Given records ▸
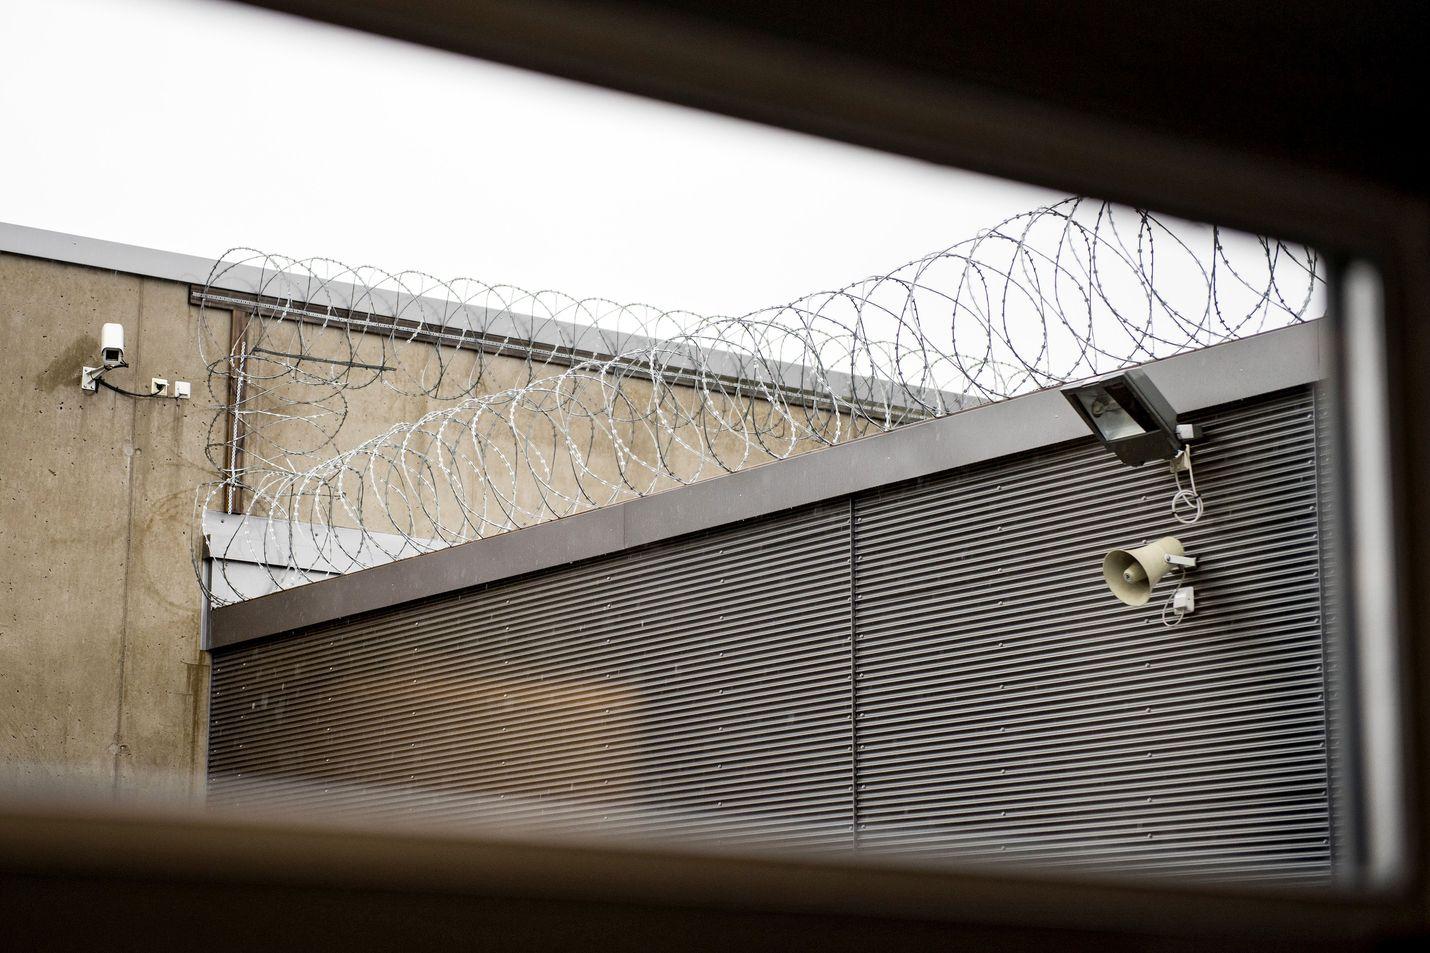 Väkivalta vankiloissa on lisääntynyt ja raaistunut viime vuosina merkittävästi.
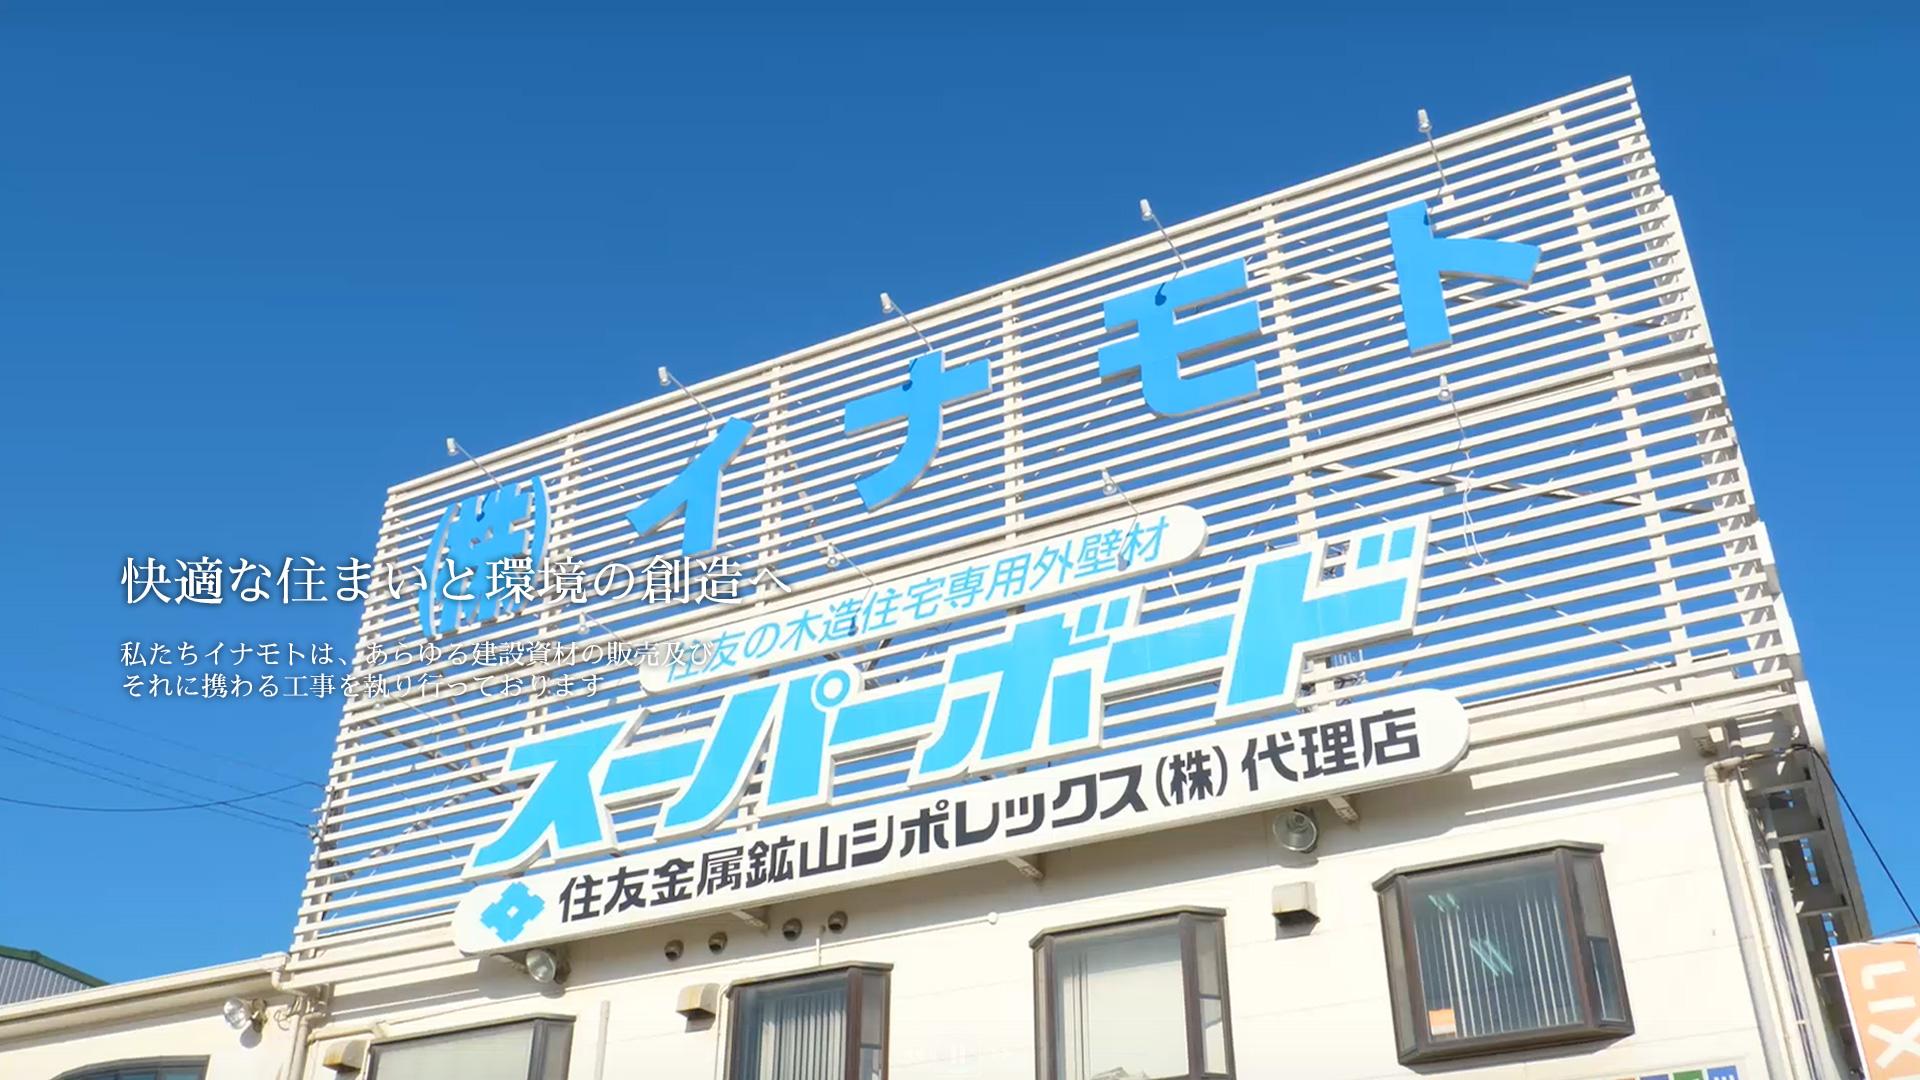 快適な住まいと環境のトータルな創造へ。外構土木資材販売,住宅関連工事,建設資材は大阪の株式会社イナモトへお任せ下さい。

* * *

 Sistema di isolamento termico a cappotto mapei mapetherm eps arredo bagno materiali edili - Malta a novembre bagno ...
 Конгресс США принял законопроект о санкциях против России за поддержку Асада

Assignment ▸
Go back to the lines above and output, exactly as they stand, the ones from the line containing "Väkivalta vankiloissa on" to the line containing "快適な住まいと環境のトータル". Leave all pictures behind.

Written solution ▸
 Väkivalta vankiloissa on lisääntynyt ja raaistunut viime vuosina merkittävästi.
 快適な住まいと環境のトータルな創造へ。外構土木資材販売,住宅関連工事,建設資材は大阪の株式会社イナモトへお任せ下さい。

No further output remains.